** TASK INSTRUCTIONS **
Pictures in the material below are to be left out, and only the lines from the line with "Gorky Railway — Different photos" up to and including the line with "Angkor Thom 2433 X 3612 Wallpaper" are to be written out exactly.

** DATA EXTRACT **
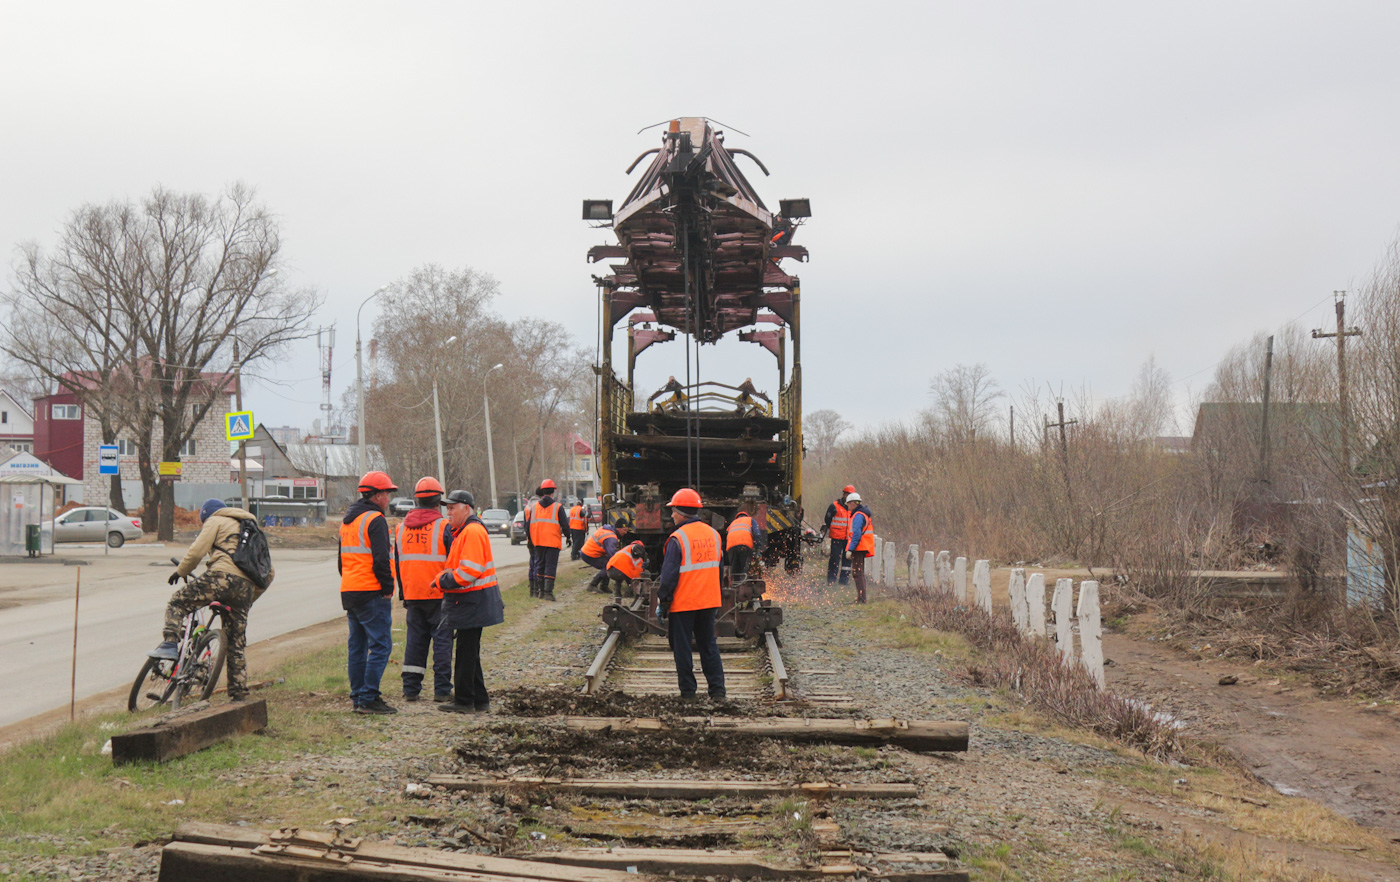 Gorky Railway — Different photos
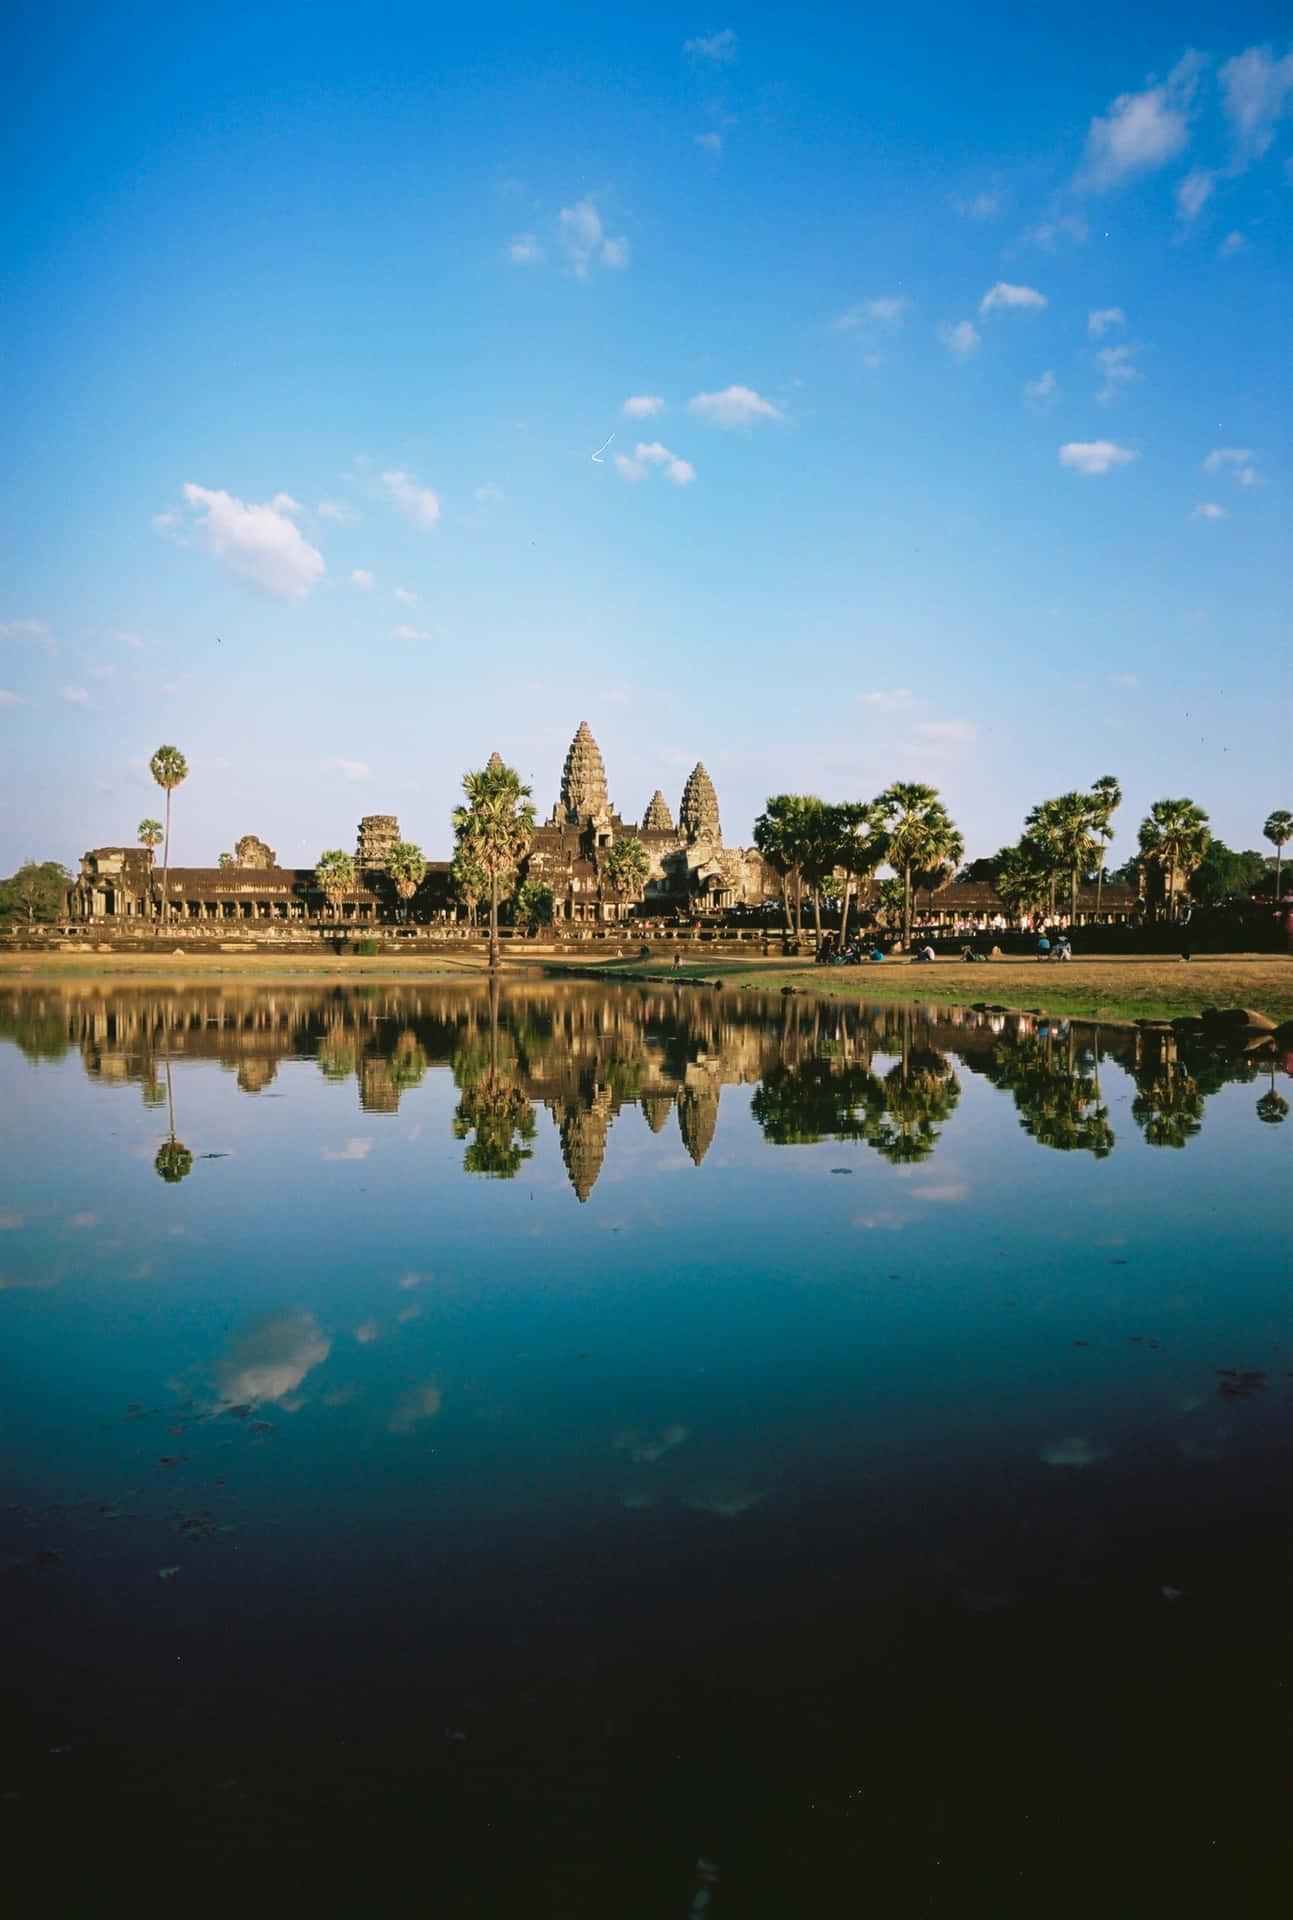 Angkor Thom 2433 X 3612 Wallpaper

---

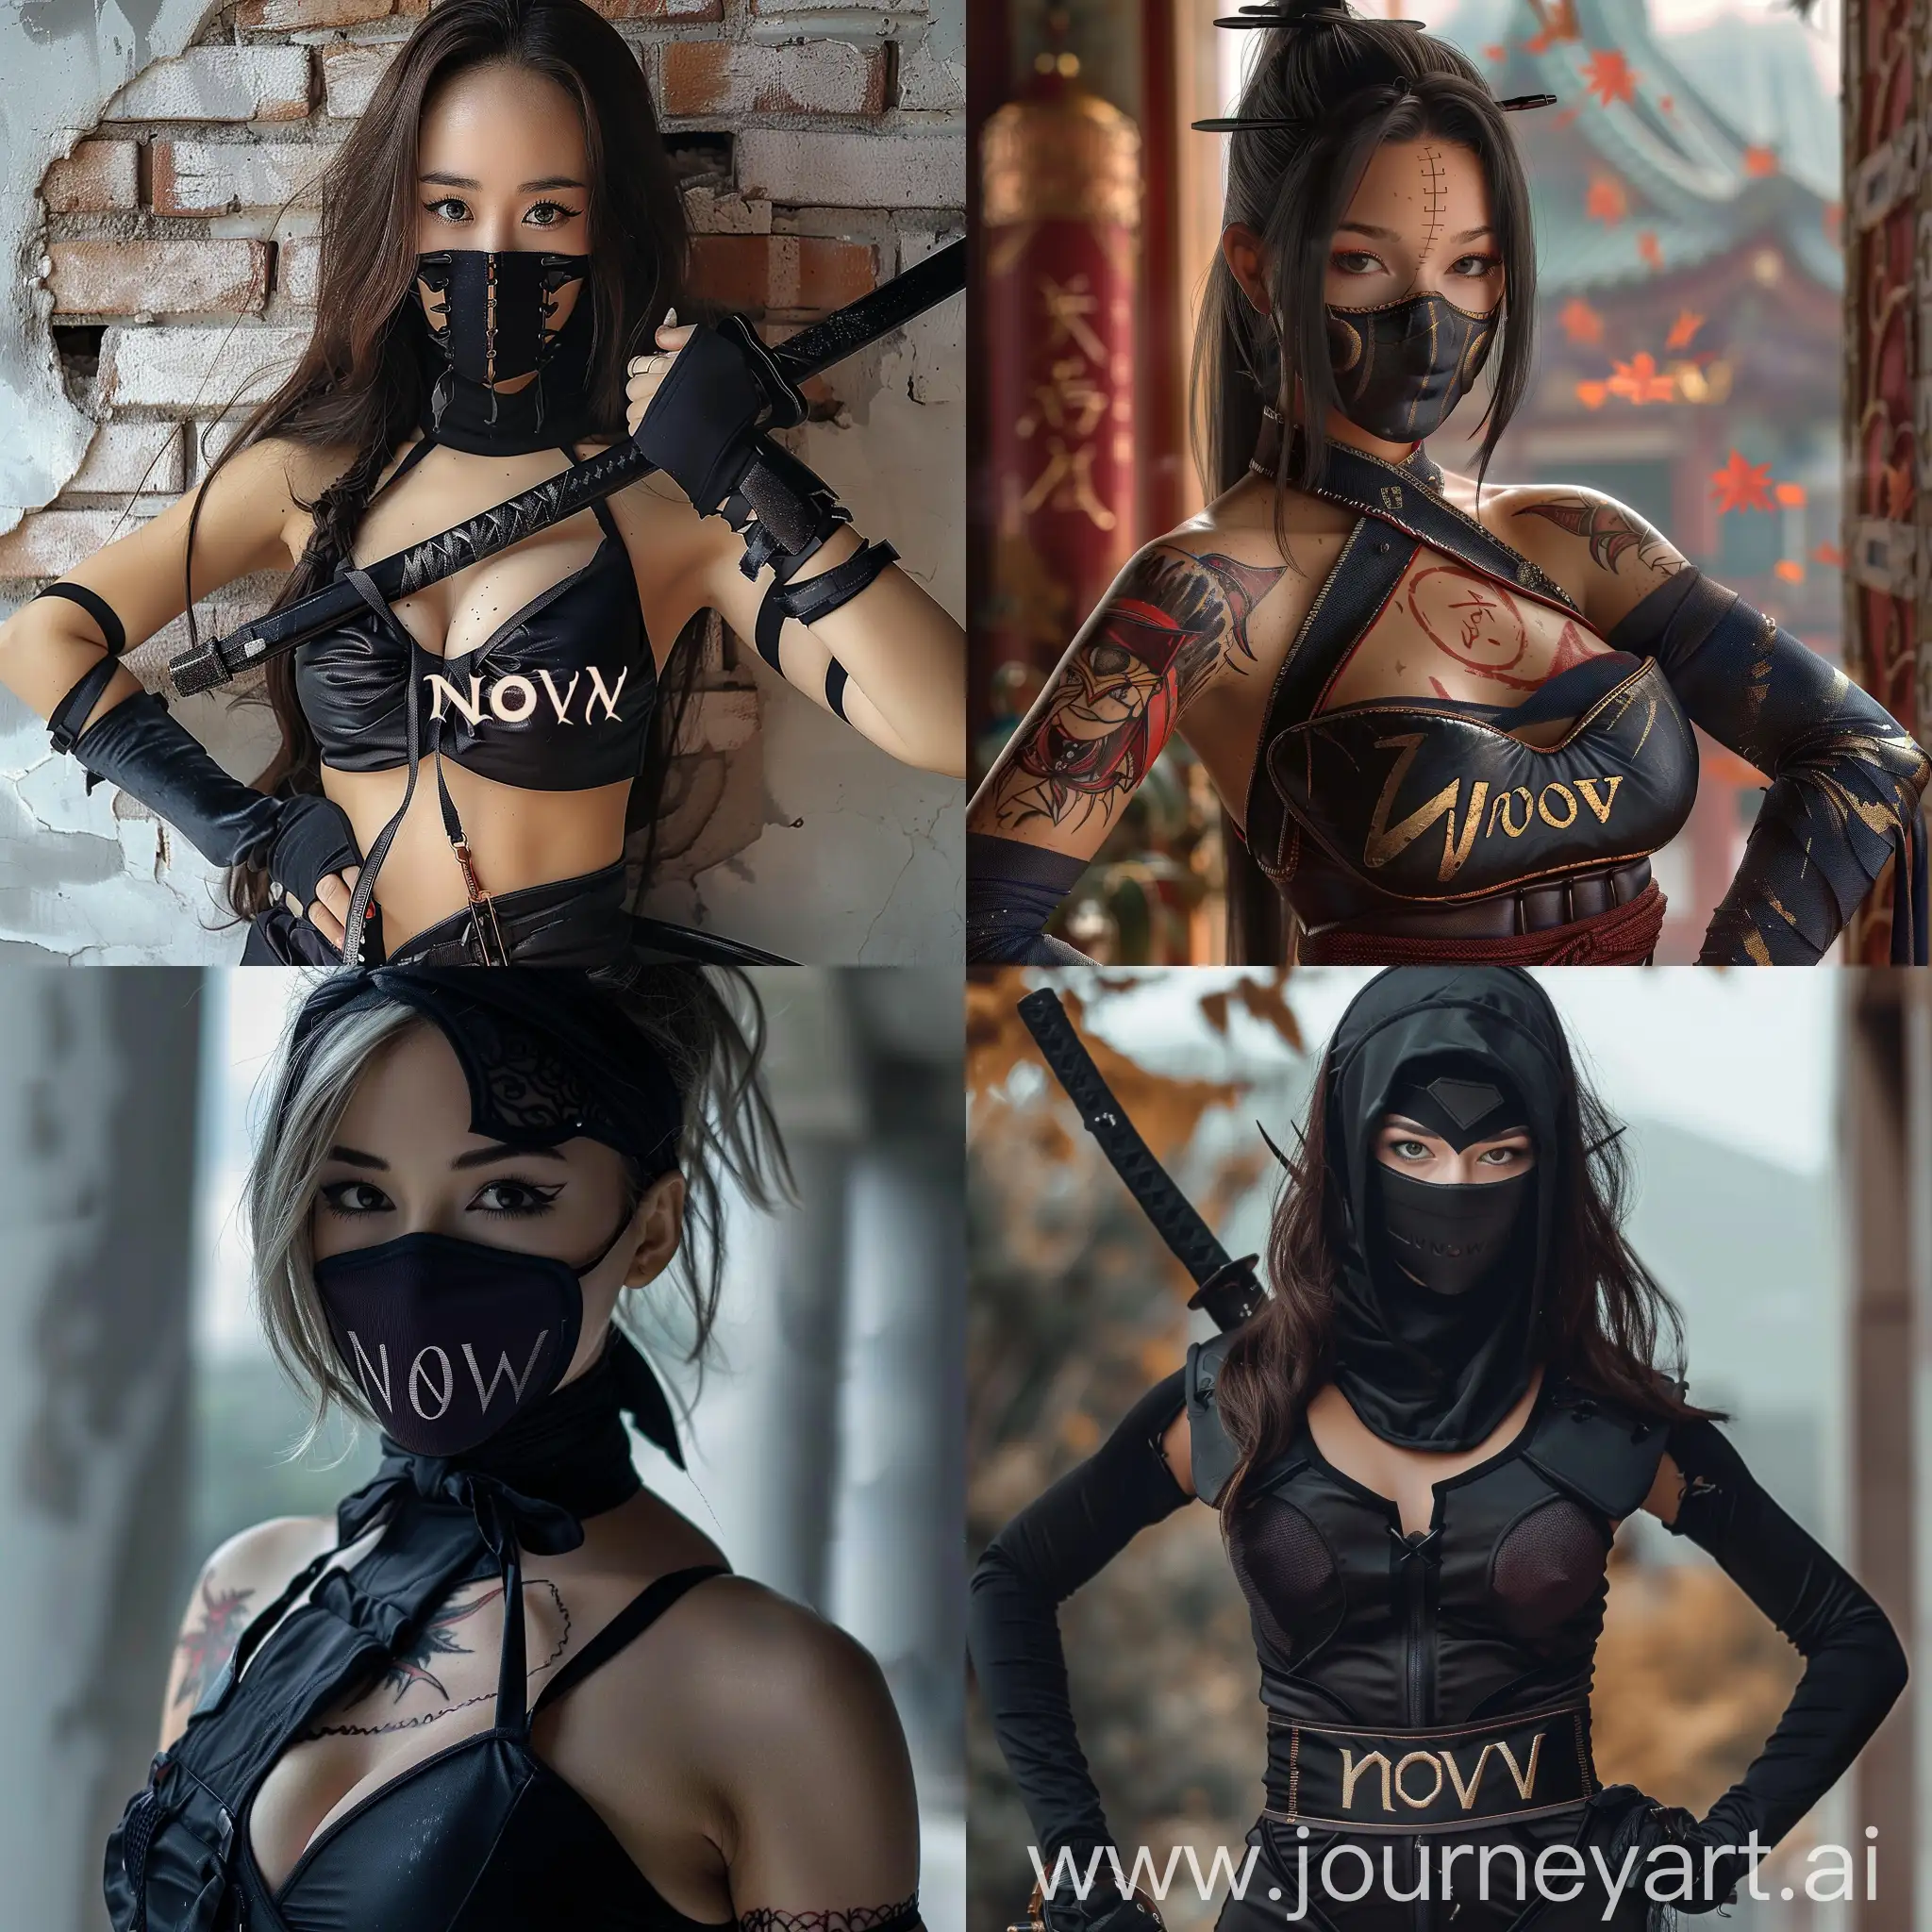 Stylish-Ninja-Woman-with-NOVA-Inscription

** ANSWER TO THIS TASK **
 Gorky Railway — Different photos
 Angkor Thom 2433 X 3612 Wallpaper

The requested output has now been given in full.